Выбрать главу

Но присмотритесь, приподнимите очки – а может, это шоры?! – вглядитесь: что собой являет обычный и типичный молодой москвич мужеска пола? Перед нами длинное вялое волосатое создание, с висящими, как плети, руками и длинными, мягкими пальцами, напоминающими, из-за надетой на кисть фенечки, стянутую резиночкой упаковку ровненьких побегов белого аспарагуса на полке супермаркета. Уши его снабжены несуразно огроменными наушниками, глаза явно близоруки и подслеповаты, поскольку привыкли видеть только на экране ноутбука, планшета или айфона (и это не шутка), вечно утомлены и красны, и по коих выражению понятно, что ничем их не удивишь – ни какой угодно формой соития, ни трёхствольным супербластером, ни даже живой, в натуральную величину инопланетной дрянью с трёхэтажной игольчатой пастью.

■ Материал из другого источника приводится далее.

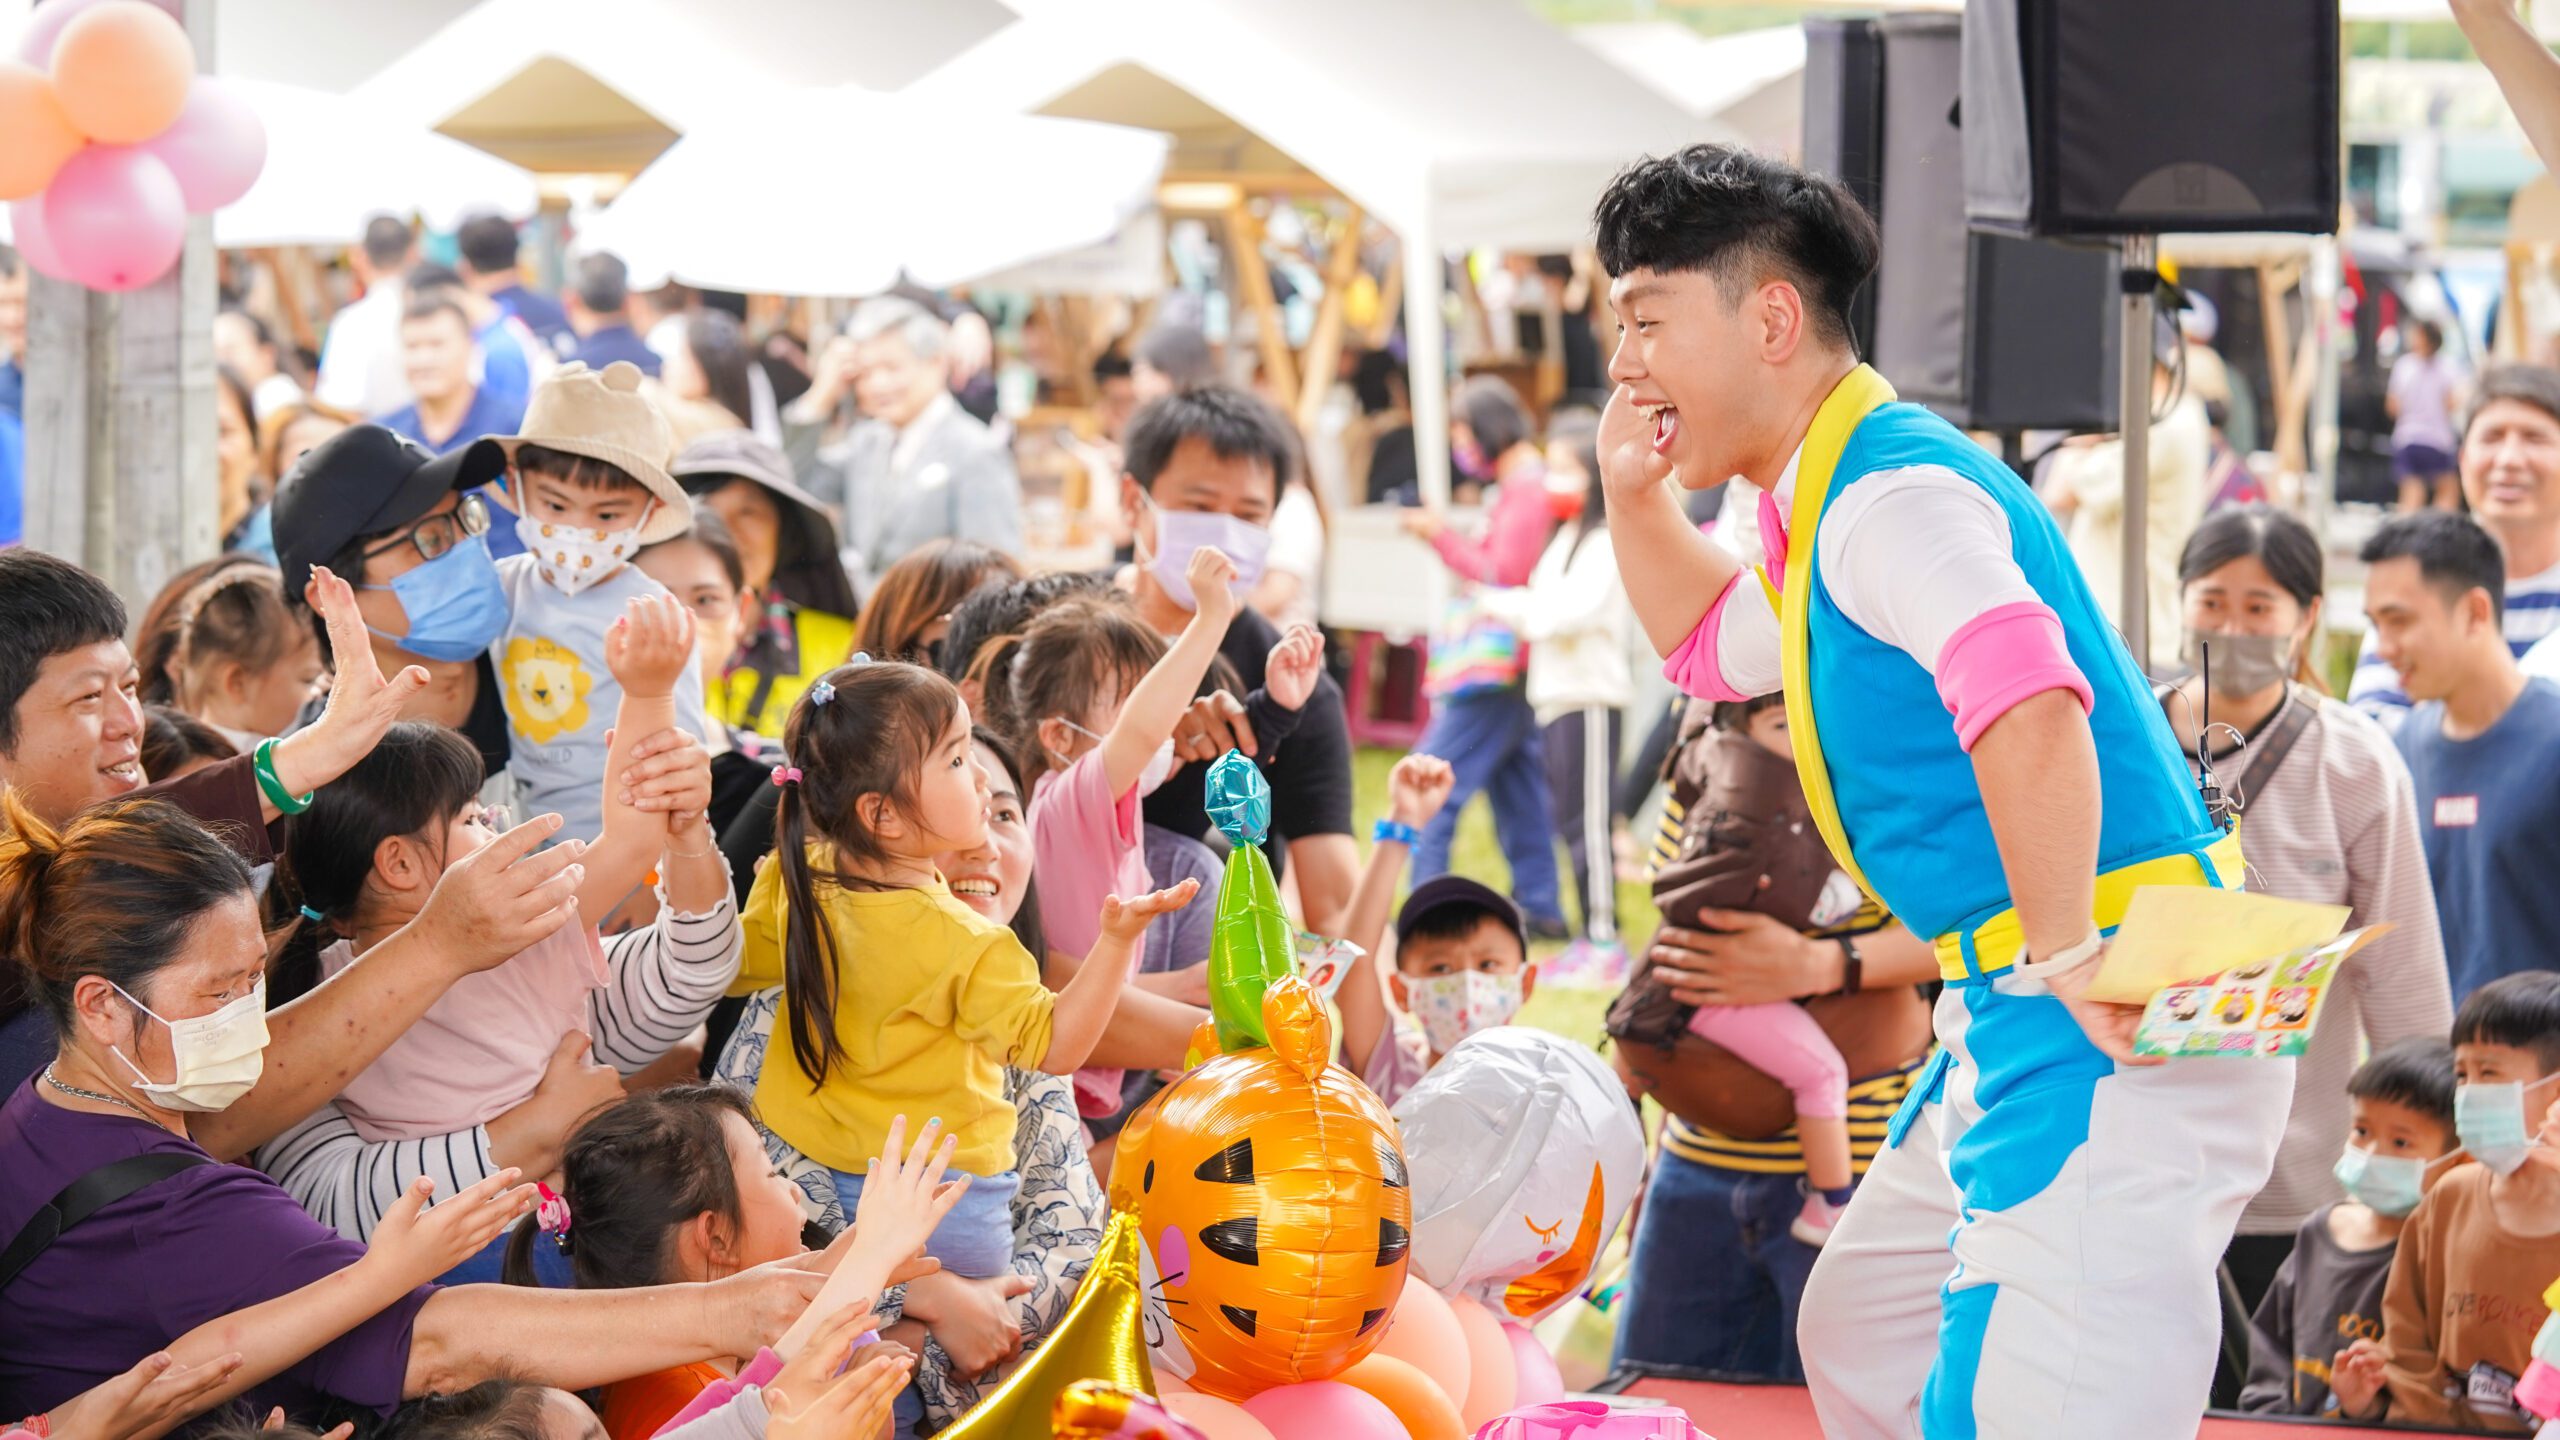 嗨翻河濱公園  宜蘭市兒童節超過千人「宜起來童樂」

Если разобраться, у него особо ничего нет, и сам он никто… Хотя всё же он живёт всю жизнь в своей квартире, с своими родителями (а потом будет ещё в своей – со своей подругой, если уж не женой…), и работает даже – сидя на кресле с колёсиками, что-то вбивая через клавиатуру в виртуальное никчёмно-неинтересное пространство… зато параллельно этому, тут же, через тот же монитор и клаву, высасывая из иного, куда более полезного и познавательного, виртуального пространства практически всё, что душе угодно… причём бесплатно! Что ж ему ещё?!. Дворником, что ль, пойти арбайтать, с тарантасом с корытом и метлой, рыть канавы, асфальт, кирпич и плитку класть «за 20 рублей в месяц»?!.

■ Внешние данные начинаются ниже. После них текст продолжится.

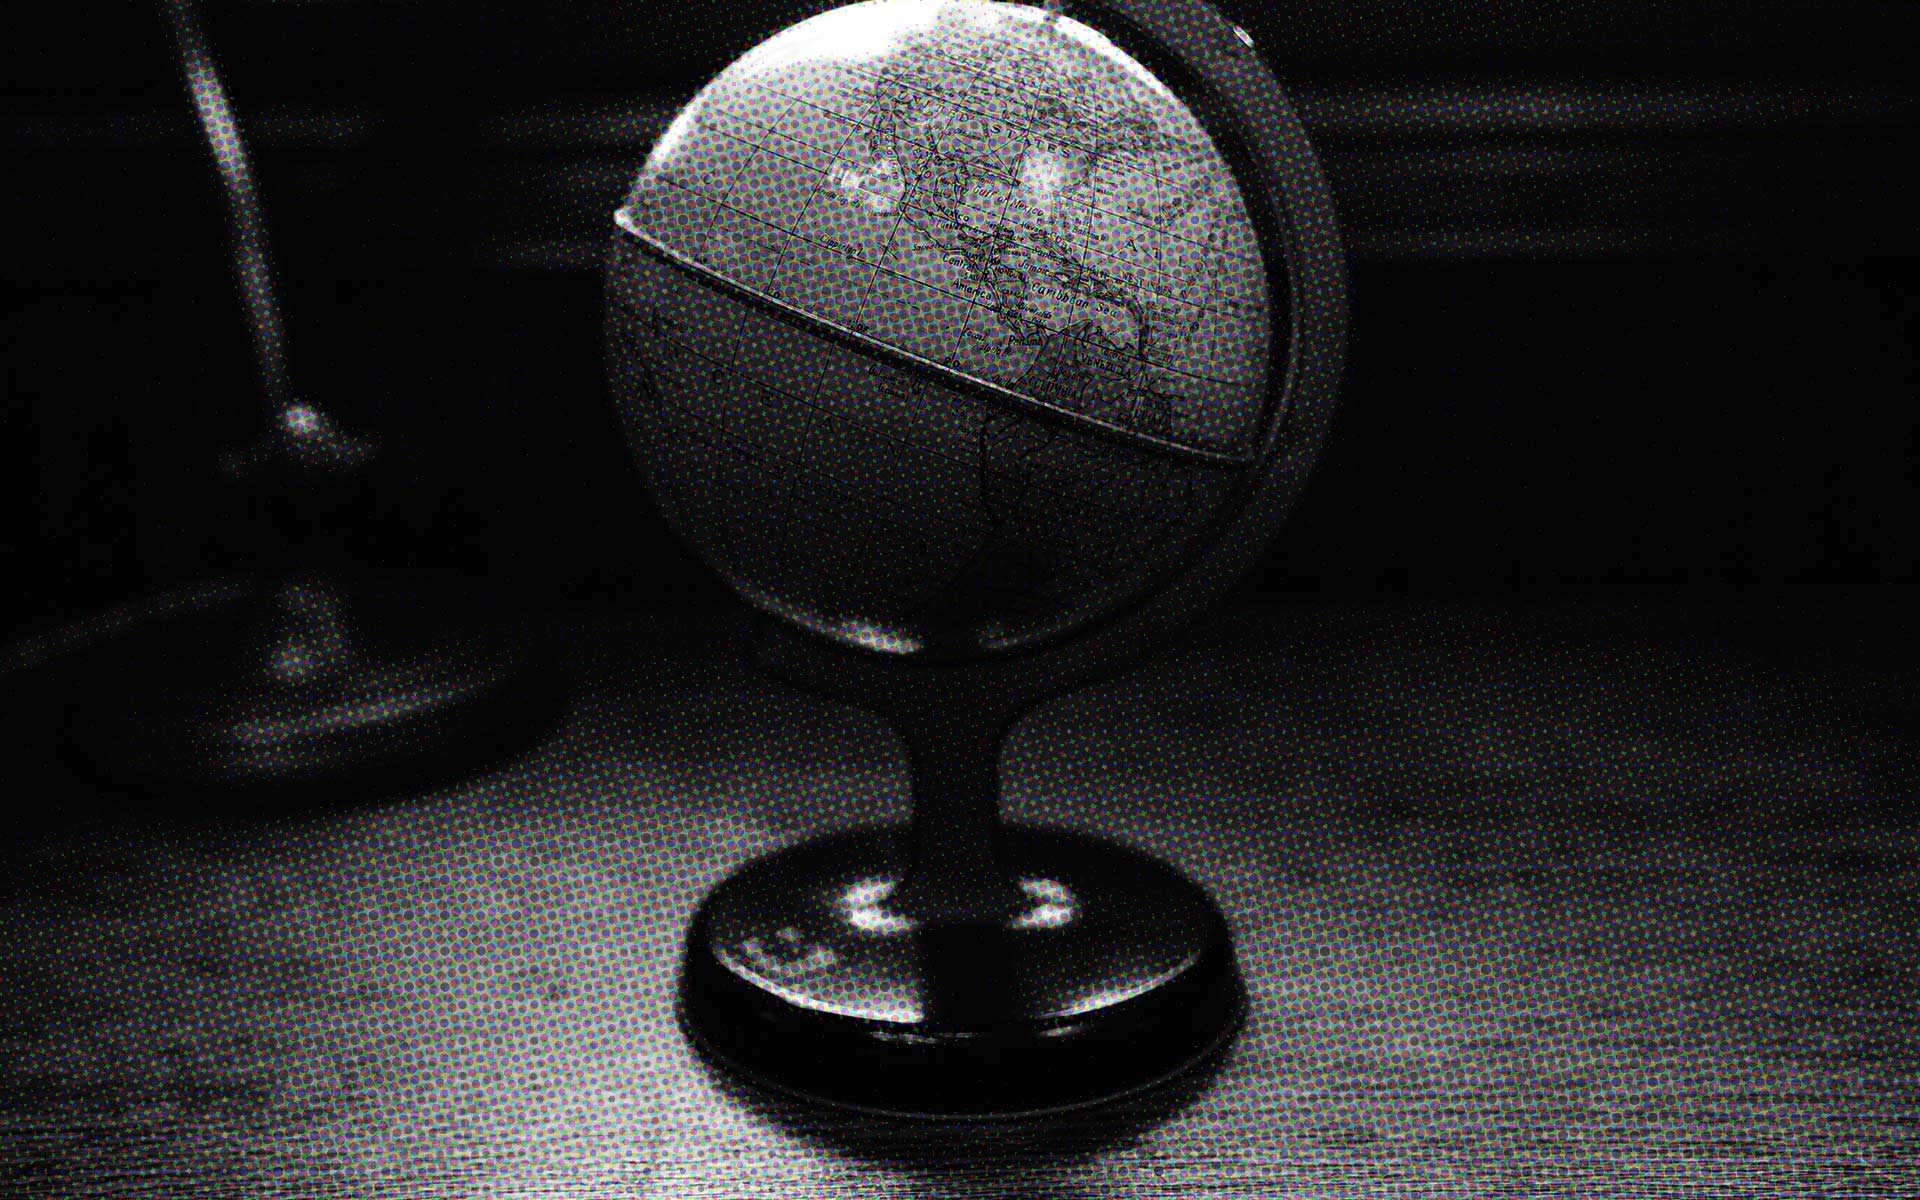 【シリーズ・都市伝説】謎の大陸が記された球体「聖徳太子の地球儀」

«Креативный класс», «хипстеры», «горизонтальные люди», «москвополитане»… – сколько всего облагораживающего напридумано (последний термин, кажется, мой собственный!..) в краях непуганых сыночков-дочек, которым, однако, ходить по улицам здесь-и-теперь – да хоть бы разъезжать в такси или на великах «Электра» – всё труднее… Это в кондитерской и булочной, по стишку Родари, «пахнет тестом и сдобой» да «орехом мускатным» и прочим «приятным», но существуют и иные миры, а в них иные ремёсла. Запросто можно, выйдя из авторской кондитерской в центре, наткнуться на выходцев оттуда – всяких чумазых, вонючих, оголодавших, свирепых, необразованных даже трубочистов!..

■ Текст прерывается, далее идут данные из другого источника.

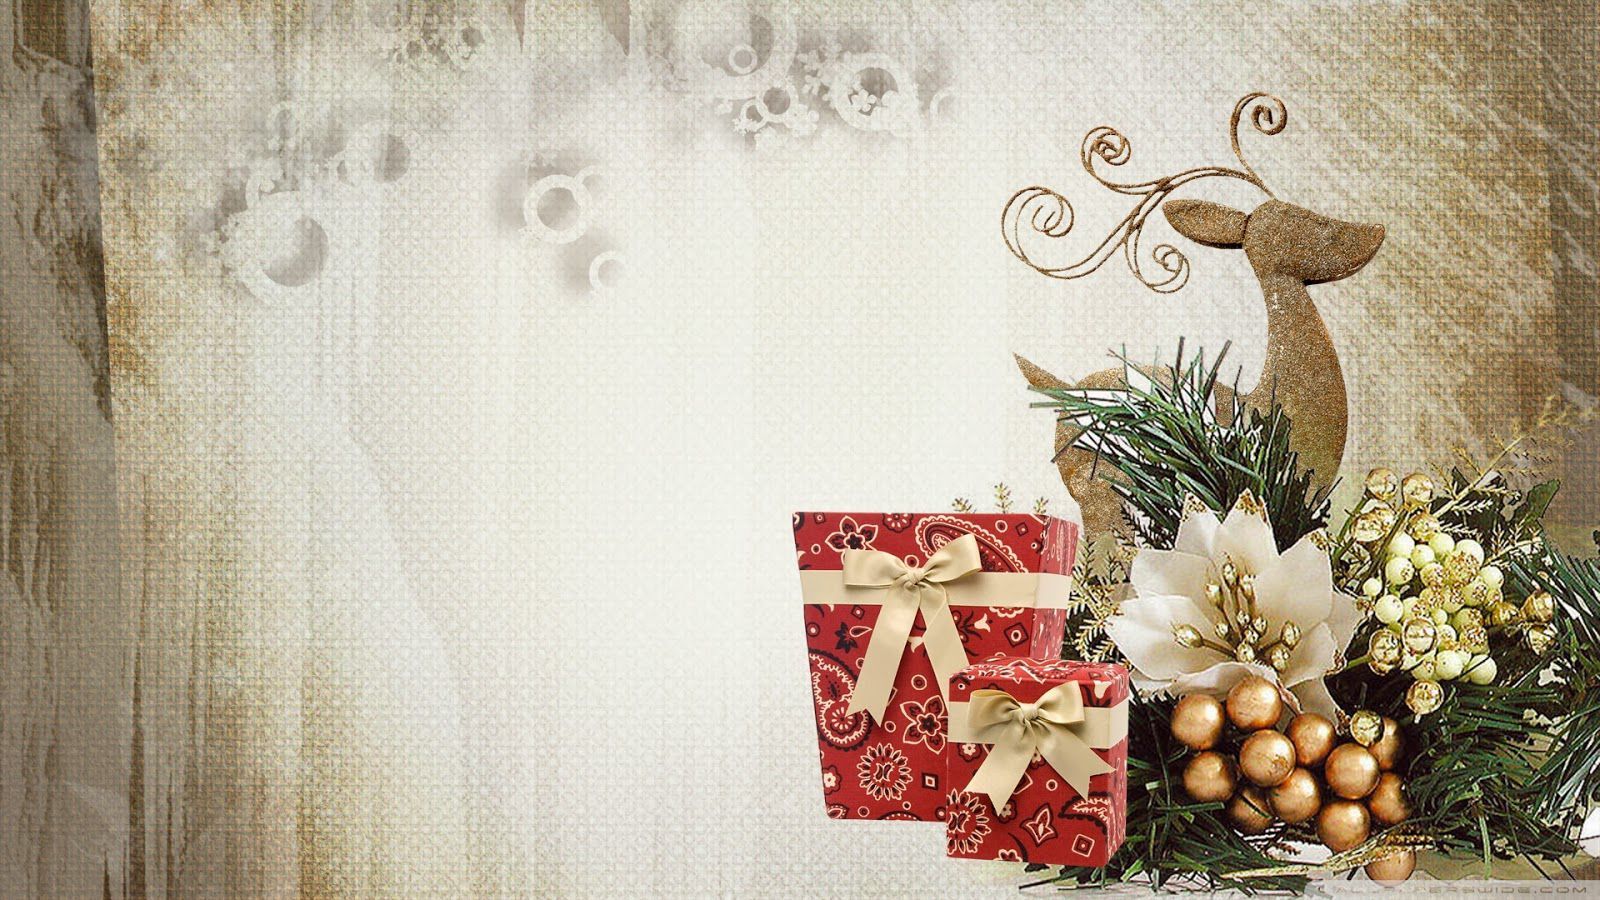 Elegant HD 2018 Wallpaper of Christmas for Mobile & Desktop

Есть и другие мужи-москвитяне, чуть более адекватные. В тех же обтягивающих штанцах и с наушничками глубоко – или не очень, коли подешевле – в подзагоревших ушках. И звучит в них не не понять что, а внятное даже находящимся рядом в несущемся-визжащем вагоне подземки неприкрытое отчётливое туц-туц или умц-умц. Есть, в конце концов, и провинциалы – коих теперь на каждого коренного (ну, хоть бы в первом поколении – тут уж не до булошных и турецких барабанов!) прилично-столичного вьюношу приходится человек двадцать какой-то откровенной быдлосельпомассы, которая, если б не гастарбайтеры, составляла бы заметное явление…

А тут иногда даже вздрагиваешь – и все вокруг тоже как-то вздрагивают и на секунду в непролазном людском подземном потоке замирают! – когда какой-нибудь недобитый Джон Леннон человечьим голосом – и довольно громко, но как-то прям интеллигентно – адресуется к еле тянущей что-то по ступеням старушке: «Извините, давайте я вам помогу!» – и подхватывает (иногда, впрочем, выхватывает) тележечку на колёсьях, малое, почти вертикальное подобие гастарбайтерской. Через мгновенье кто-то уже наступает на колёса, на раму, кто-то перепрыгивает, кто-то, матерясь и оря по мобильному, через них спотыкается… отпихивают, обгоняют, протискиваются, всячески толкая и его, и бабусю, и тележку то с одной стороны, то с другой… Короче, куда лучше на ветряные мельницы с копьём бросаться.

С иной же стороны, что действительно трудно вывести, так это гопоту, а подводить под неё какую-то базу – материальную или идеологическую… Были раньше такие кричаще приметные ребята – бритые, в подтяжках и мартинсах, но сейчас таких уже не встретишь (см. выше), и у всех нормальных людей, смотревших «Американскую историю Х» и «Россию 88», слава богу, по ним нет ностальгии. Зато такое ощущение, что примерно это и делается сейчас с мигрантами – а то своих мало!..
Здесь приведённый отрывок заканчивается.